В особенности Китай преуспел в строительстве двух нефте– и газопроводов, пересекающих территорию Мьянмы. Владеет и управляет ими китайская Национальная нефтегазовая корпорация; эти трубопроводы тянутся более чем на 2500 километров, были введены в эксплуатацию в 2013 году и на полной мощности должны перекачивать ежегодно 12 миллиардов кубических метров природного газа на юго-запад Китая (на китайской территории трубы идут от Юньнани на северо-запад и в восточные провинции)[582]. Дополнительный трубопровод стоимостью 2 миллиарда долларов начал функционировать в 2014 году, снабжая Китай нефтью с Ближнего Востока и из стран Африки. Ожидается, что трубопровод будет перекачивать до 200 000 баррелей нефти в сутки; 40 000 баррелей будут доставаться Мьянме, наряду с ежегодной выплатой 7 миллионов долларов за транзит. Таковы преимущества статуса транзитной страны[583].
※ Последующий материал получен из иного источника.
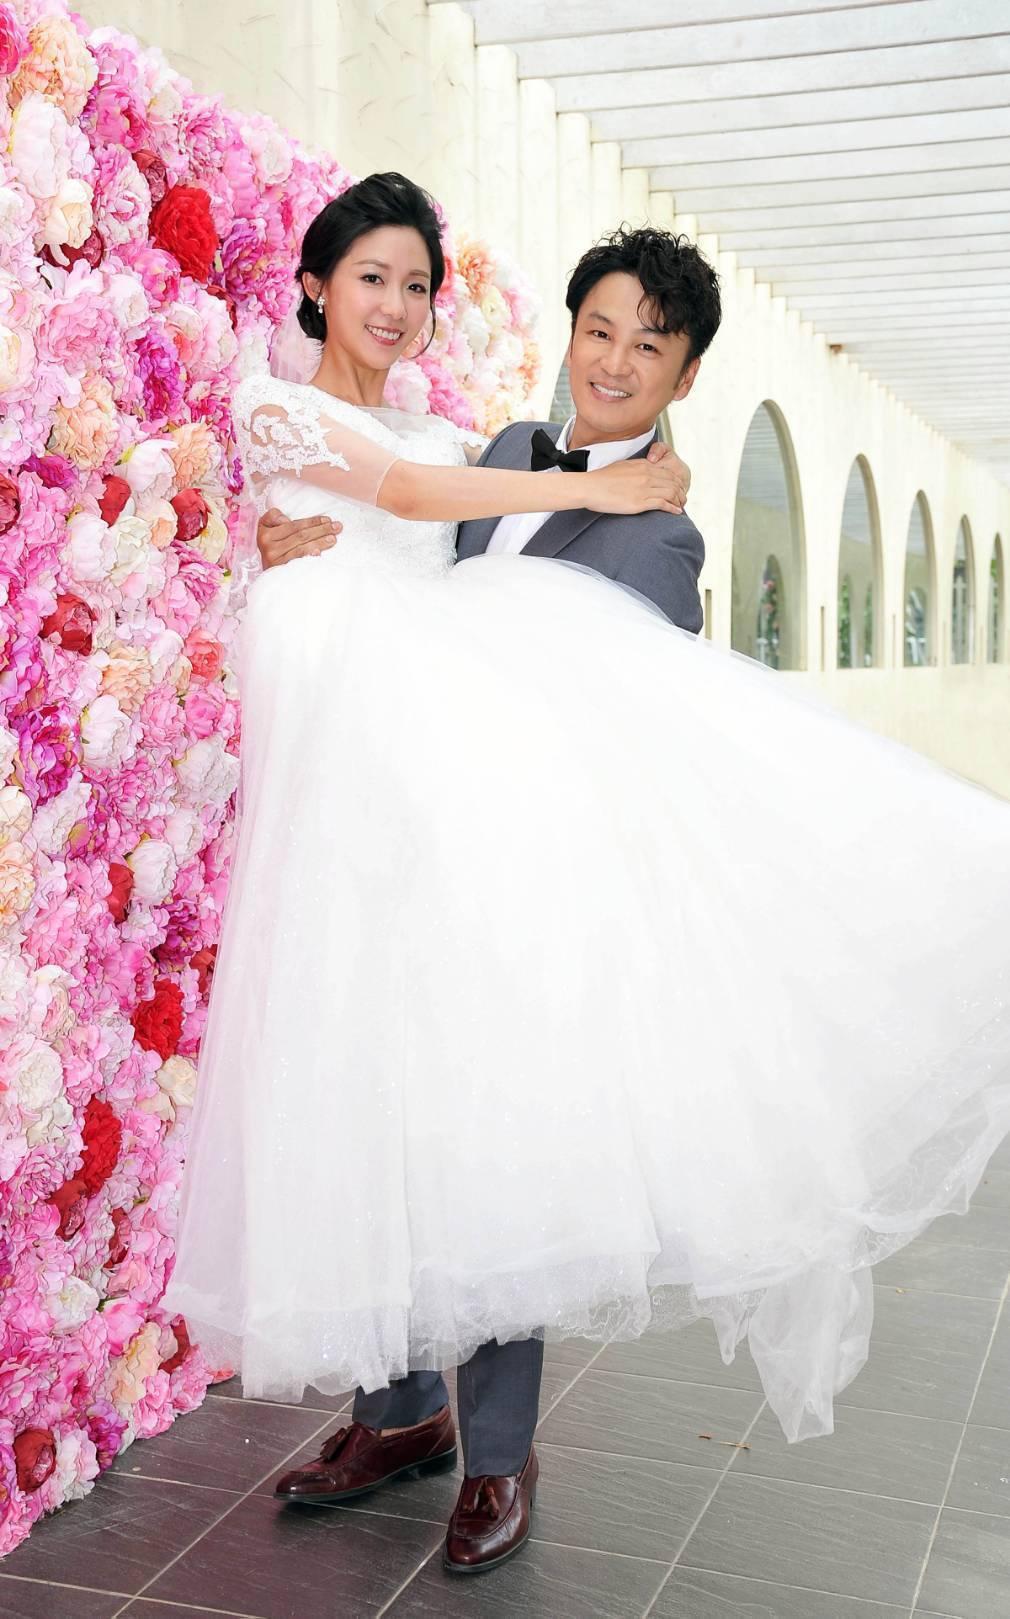 安唯綾(左)與張書偉在「情.份」中上演婚戶外婚禮戲。圖/台視提供

Но при этом бирманские нефте– и газопроводы могут служить иллюстрацией того, что ожидания далеко не всегда соответствуют реальности. Китайская компания «Майнинг Ваньбао», дочернее предприятие производителя оружия «Норт индастриз корпорейшн», в 2013 году согласилась вложить чуть менее 1 миллиарда долларов в развитие медного рудника в Латпадаунге[584]. Сделка вызвала ожесточенные протесты местного населения, что побудило возобновить переговоры по контракту. Новое соглашение отдает 51 процент прибыли правительству Мьянмы, 19 процентов – Союзу экономических предприятий Мьянмы (контролируется бирманскими военными) и лишь 30 процентов – «Майнинг Ваньбао»[585]. А в августе 2014 года бирманские чиновники фактически сорвали реализацию меморандума о взаимопонимании, который предусматривал прокладку высокоскоростной железнодорожной магистрали по территории страны.
Эта пострадавшая железнодорожная магистраль оказалась вторым крупным китайским проектом, «замороженным» Мьянмой после прихода к власти гражданского правительства в 2011 году. Строительство (на китайские деньги) очередной плотины ГЭС на реке Иравади было приостановлено после протестов местных жителей и вследствие постоянных столкновений между военными и армией независимости Качина[586]. Местные были уверены в том, что по завершении строительства плотины Китай будет производить до 90 процентов всей электроэнергии, необходимой Мьянме[587]. «О Китае какое-то время лучше было вообще не упоминать», – комментирует бирманский историк Тан Мьин-у[588]. Вьетнамские официальные лица замечали, что «очевидно, хотя и не бросается в глаза, что Мьянма пытается уменьшить влияние Китая, как экономическое, так и политическое»[589].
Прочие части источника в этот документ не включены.